Q1. State the Spearman's rank formula and explain what $d$ represents. [2 marks]

Cue. $r_s = 1 - \dfrac{6\sum d^2}{n(n^2-1)}$ , where $d$ is the difference between the two ranks given to each paired observation (one rank per variable) and $n$ is the number of pairs.

Q2. A geographer calculates $r_s = -0.76$ . Interpret this value. [2 marks]

Cue. It is a strong negative relationship: as one variable increases the other tends to decrease, and the magnitude ( $0.76$ ) shows the association is strong; whether it is significant depends on comparing it with the critical value for the sample size.

Q3. Explain why a result is declared "significant at the 0.05 level" and what rejecting the null hypothesis means. [3 marks]

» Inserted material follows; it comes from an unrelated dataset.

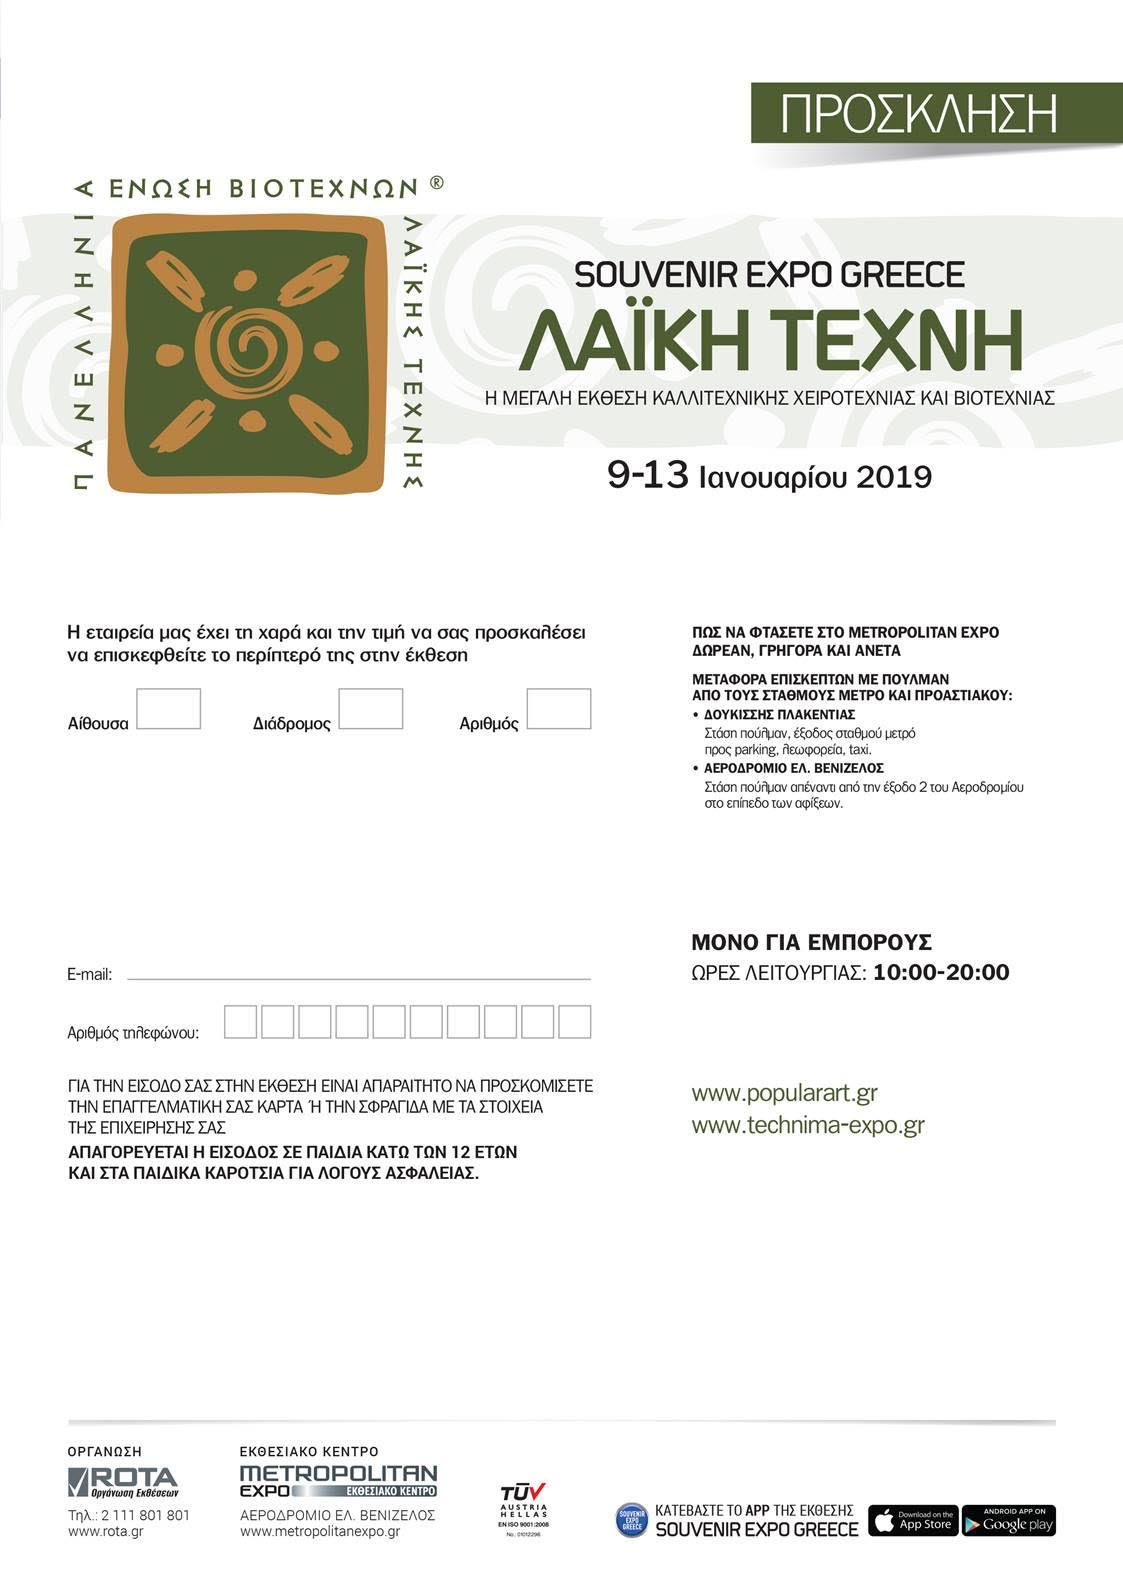 Διεθνής Έκθεση Souvenir Expo Greece Τέχνημα & Λαϊκή Τέχνη από 9 έως 13 Ιανουαρίου 2019 στην Αθήνα.

Cue. Significant at 0.05 means there is only a 5 percent probability the result arose by chance under a true null; if the calculated coefficient meets or exceeds the critical value, we reject the null hypothesis, concluding the observed relationship is unlikely to be due to chance and a real association probably exists.

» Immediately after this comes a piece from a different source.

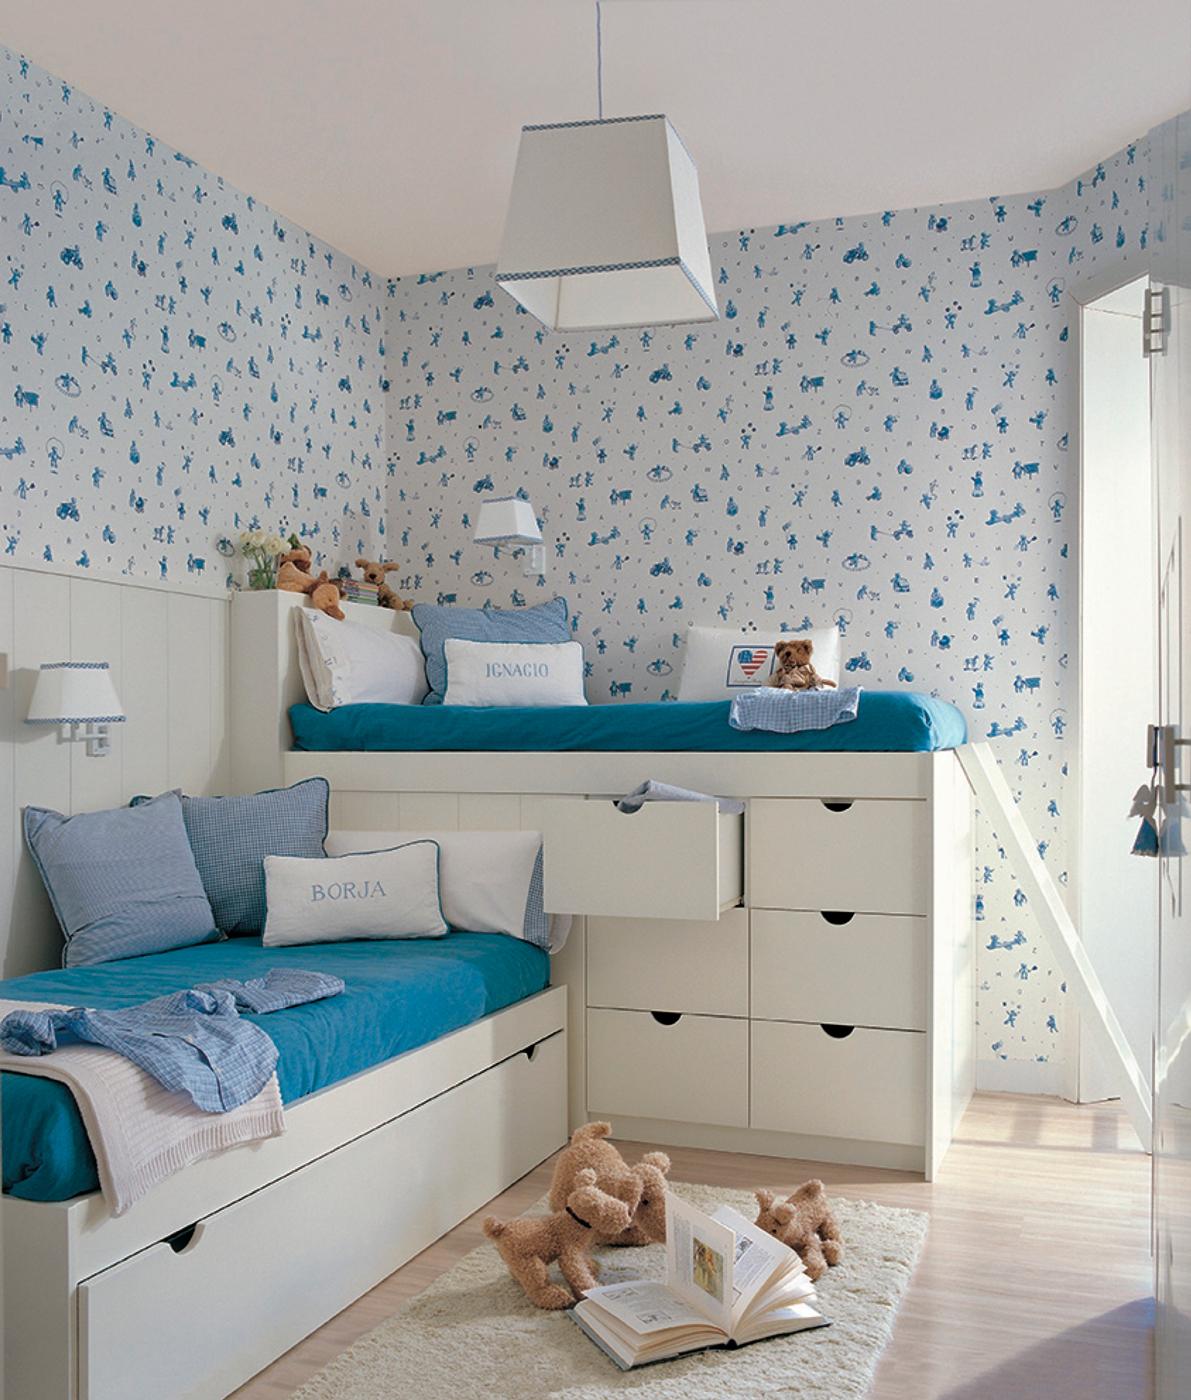 Papel pintado en dormitorios nuevos papeles pintados para - Papel pintado dormitorio principal ...

Exam-style practice questions

Practice questions written in the style of SEAB exam questions on this dot point, with worked answer explainers. The year tag is the paper they imitate, not the source.

Original10 marksA geographer hypothesises that infiltration rate increases with vegetation cover. Explain how Spearman's rank correlation coefficient would be used to test this, and how the result would be interpreted.

Show worked answer →

Argument: Spearman's rank correlation provides an objective test of whether the two variables are related, by comparing their rank orders and checking the result against critical values.

Set up the test: state the hypothesis (infiltration increases with vegetation cover, a positive relationship) and the null (no relationship). Collect paired data at a sample of sites (at least about ten pairs).

Explain the method: rank each variable separately from highest to lowest, find the difference $d$ between the two ranks for each site, square it, and sum the squares. Apply $r_s = 1 - \dfrac{6\sum d^2}{n(n^2 - 1)}$ , where $n$ is the number of pairs.

Interpret the coefficient: $r_s$ ranges from $+1$ (perfect positive) through $0$ (none) to $-1$ (perfect negative); a value near $+0.7$ to $+0.9$ would indicate a strong positive relationship consistent with the hypothesis.

Test significance: compare the calculated $r_s$ with the critical value for $n$ at the chosen significance level (commonly $0.05$ ). If $r_s$ exceeds the critical value, reject the null hypothesis, concluding the relationship is statistically significant and unlikely to be due to chance.

Markers reward stating the hypotheses, the ranking method and formula, interpretation of sign and strength, and the significance comparison with a conclusion about the null.

Original6 marksExplain why a statistically significant correlation does not prove that one variable causes the other, using a geographical example.

Show worked answer →

Argument: correlation measures whether two variables vary together, but a relationship can arise without one causing the other, so significance alone cannot establish causation.

Explain the reasoning: a strong, significant $r_s$ shows the variables are associated more than chance would predict, but the link could be coincidental, reversed in direction, or driven by a third confounding variable that influences both.

Use an example: infiltration rate and vegetation cover may correlate strongly, yet both could be controlled by a third factor such as soil type or slope, so vegetation does not necessarily cause higher infiltration; testing requires controlling for such confounders and a plausible process mechanism.

Add nuance: causation needs a credible physical explanation and ideally control of other variables, not just a significant coefficient. Markers reward distinguishing association from causation, naming a confounding variable, and the point that a mechanism must support any causal claim.